Ingeborg Auer is an Austrian climatologist, known for her work on Project HISTALP (Historical Instrumental Climatological Surface Time Series of the Greater Alpine Region).

Auer comes from Velden am Wörthersee. She studied from 1970 to 1975 at the Institute for Meteorology and Geophysics of the University of Vienna, where she received her doctorate with thesis Zur Chronik und Synoptik in den österreichischen Südalpenländernon (To the Chronicle and Synoptics in the Austrian Southern Alps). From 1975 Auer worked at the Central Institution for Meteorology and Geodynamics. In 2001 she became the head of the department for climatological land survey and hydroclimatology. In 2009 she became the head of the Climate Research Department. She retired in 2016.

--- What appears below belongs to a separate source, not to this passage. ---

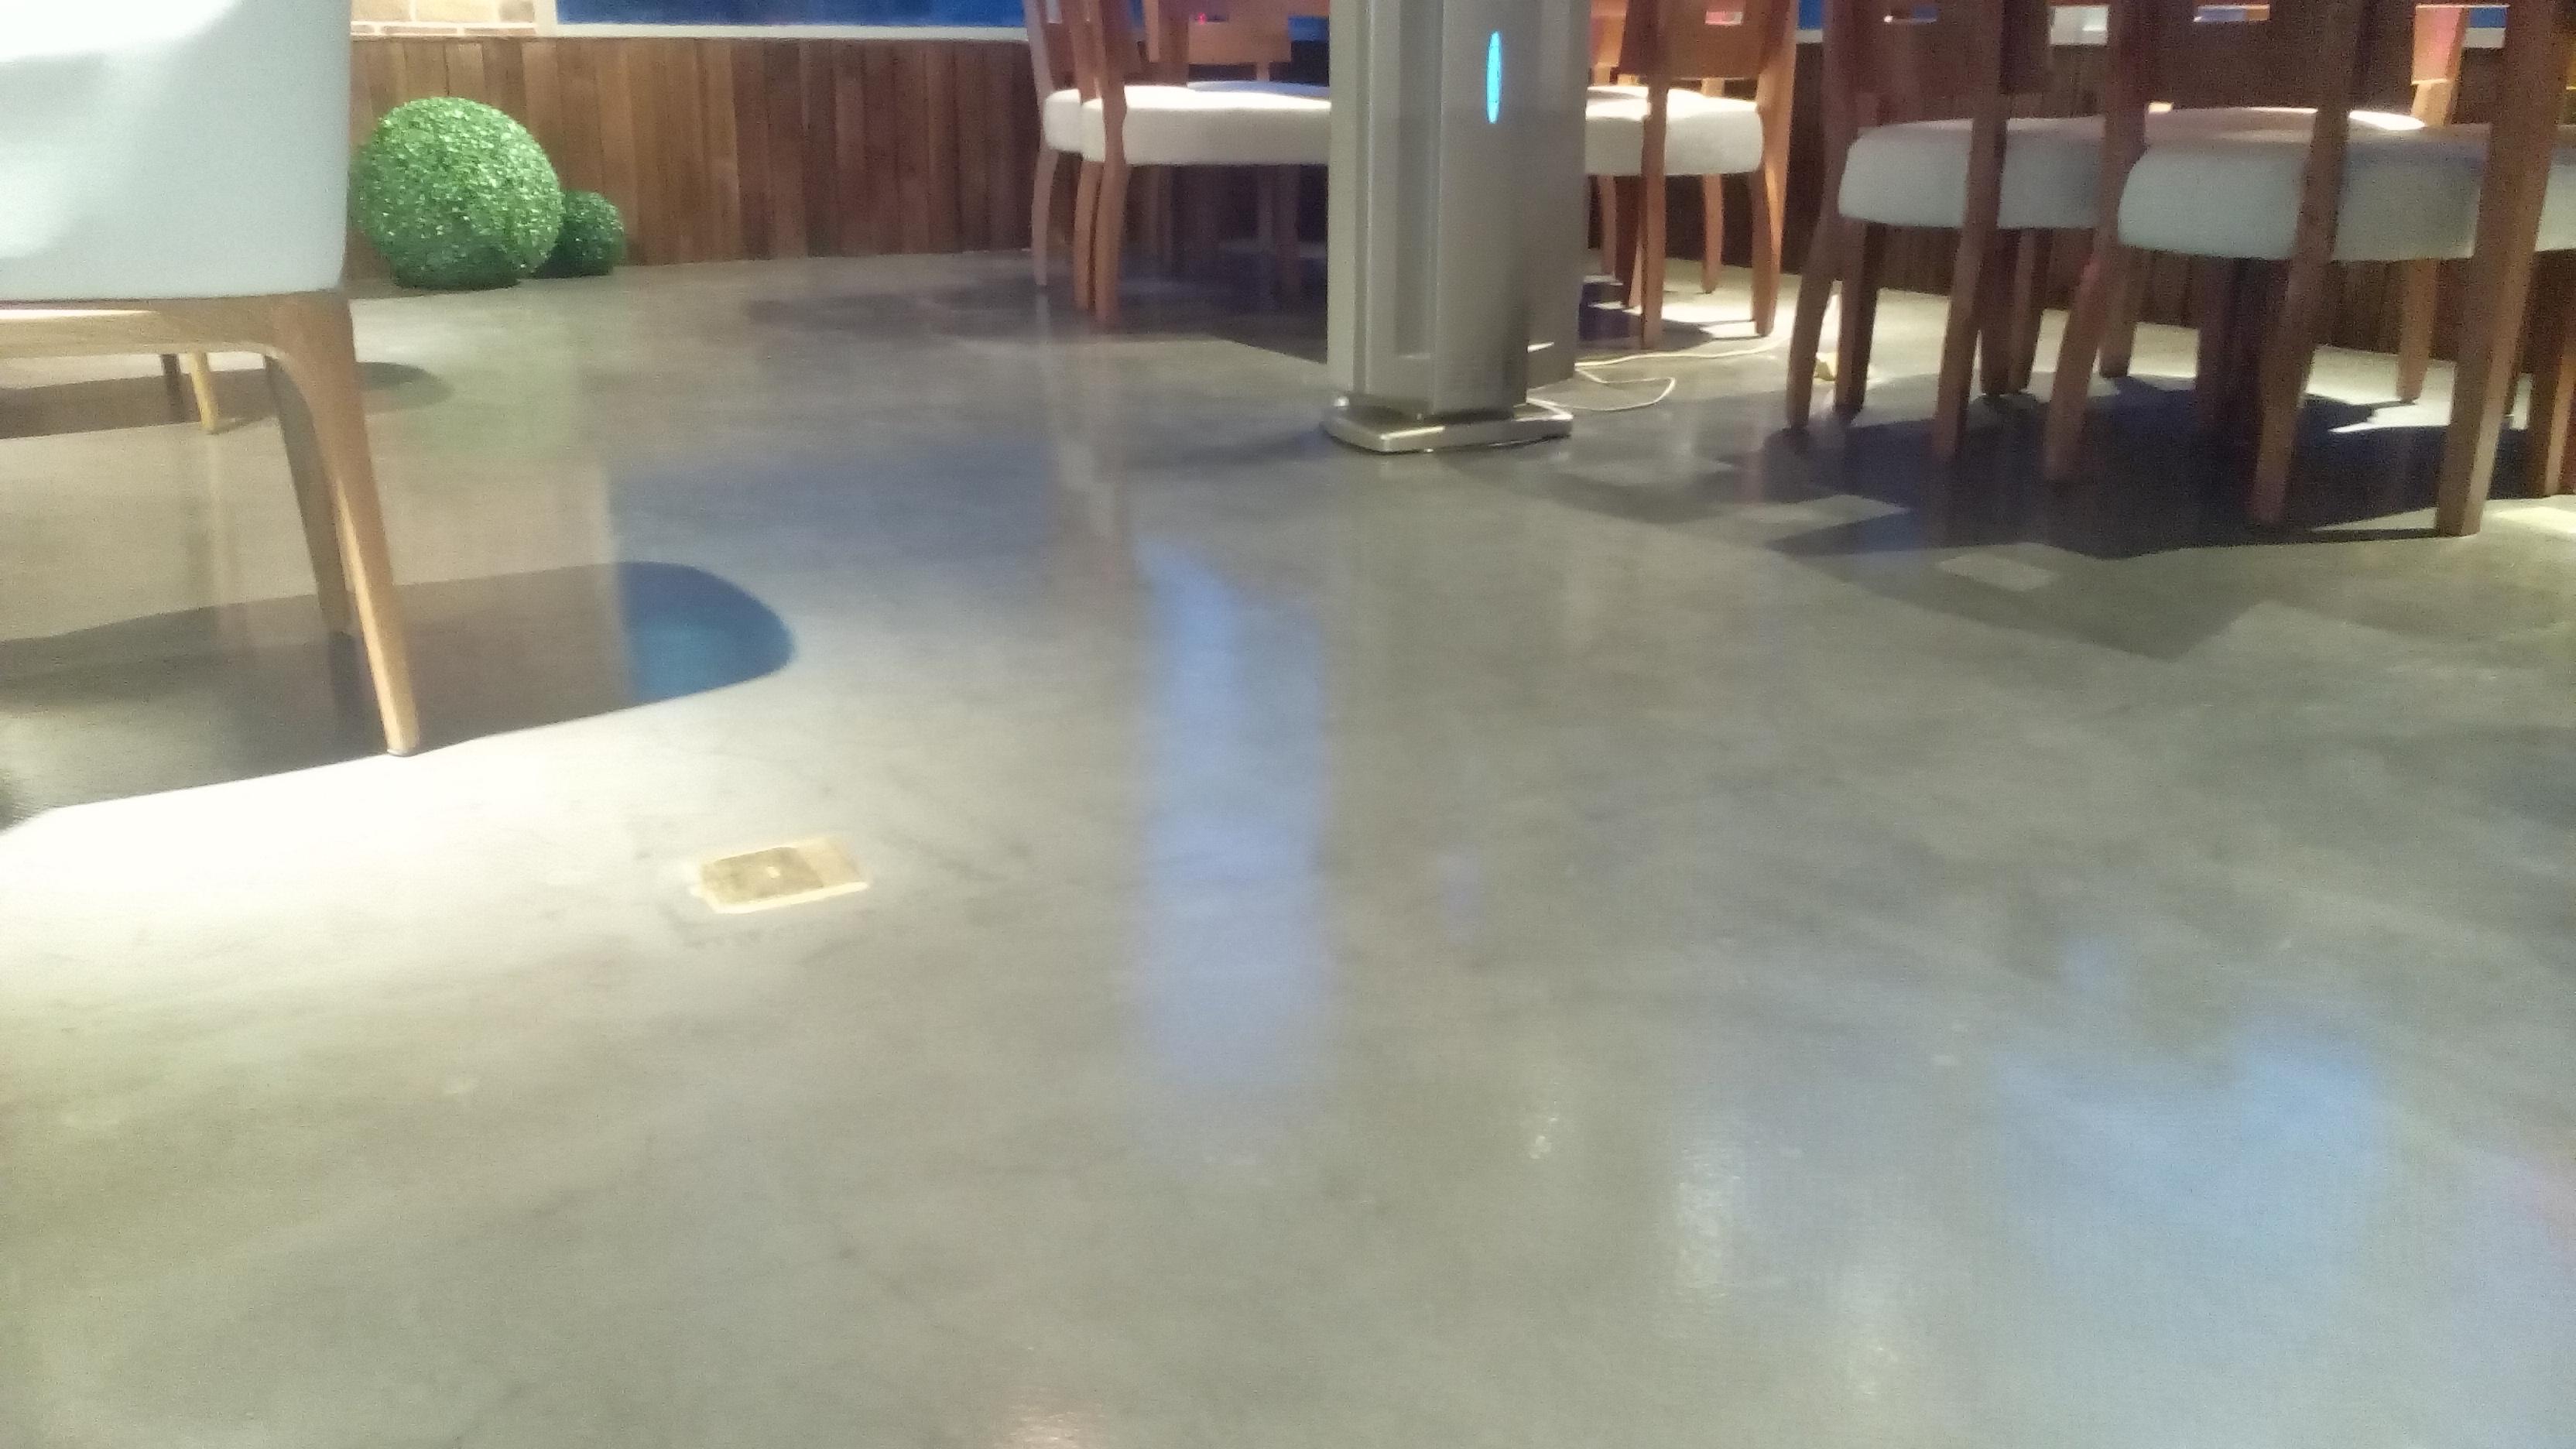 水泥自流平面层是在垫层水泥自流平地面找平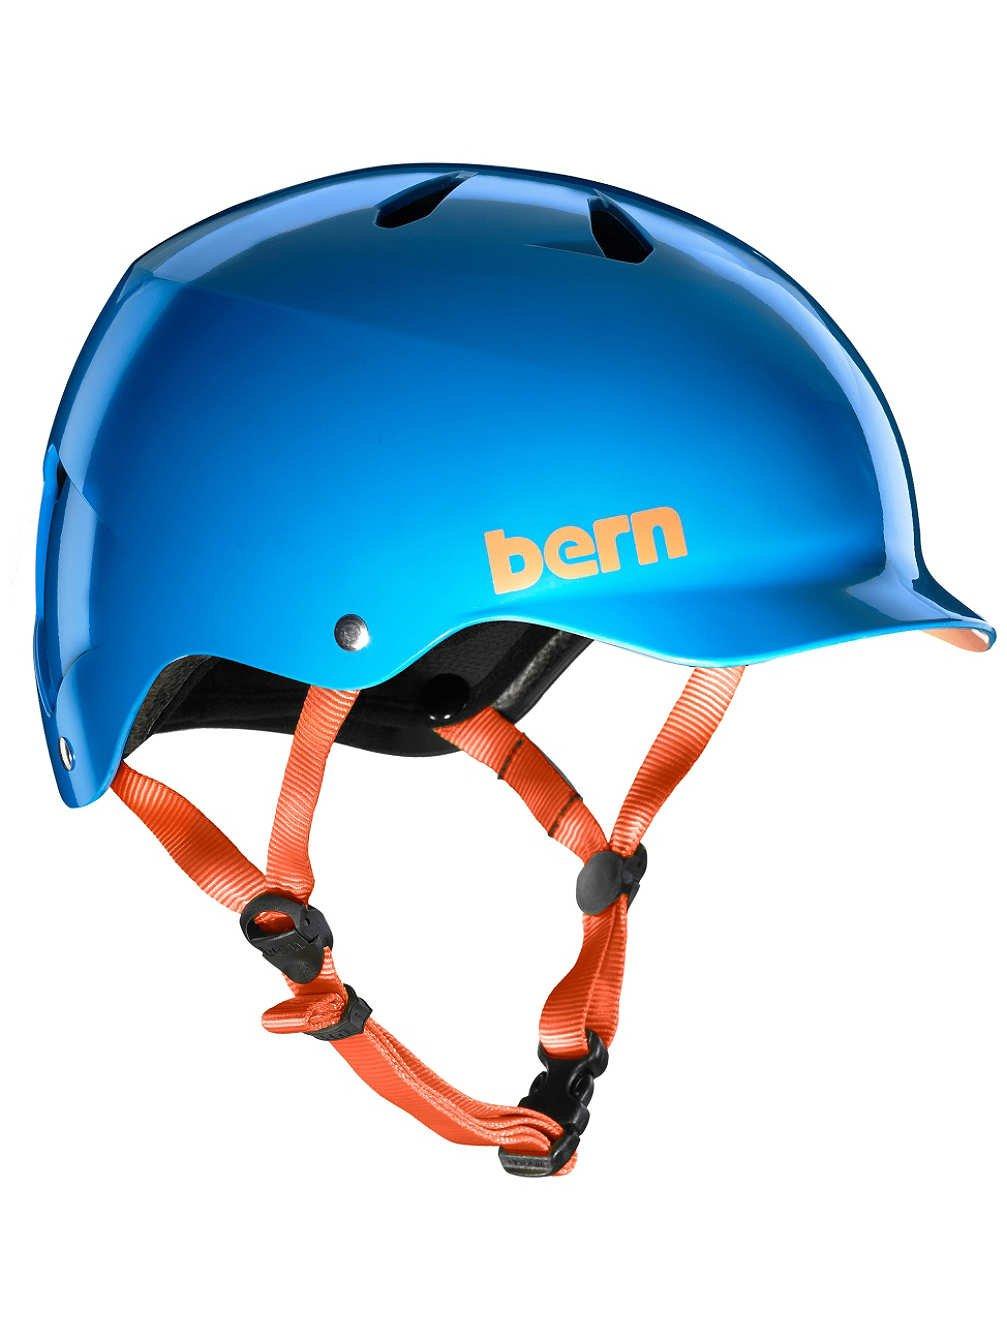 ベルン2017チームワットEPS夏自転車/スケートヘルメット(グロスアズレブルー - L)   B06XD49TK3

Auer is known for her contribution to the creation of high-quality data sets for climate research, especially in the field of homogenization. Under her leadership together with Reinhard Böhm, the HISTALP climate database for the Alpine region was created. The HISTALP database is one of the most long-term and high-quality climate data sets in the world. The data based on her work shows that since 1800 the climatic zones in the Alps have moved to significantly higher elevations as part of climate change: In mountainous areas where there used to be snow all year round there is now often grass; where there was grass, forest often grows today.

Selected publications

References

Living people
University of Vienna alumni
Austrian climatologists
Austrian women scientists
Year of birth missing (living people)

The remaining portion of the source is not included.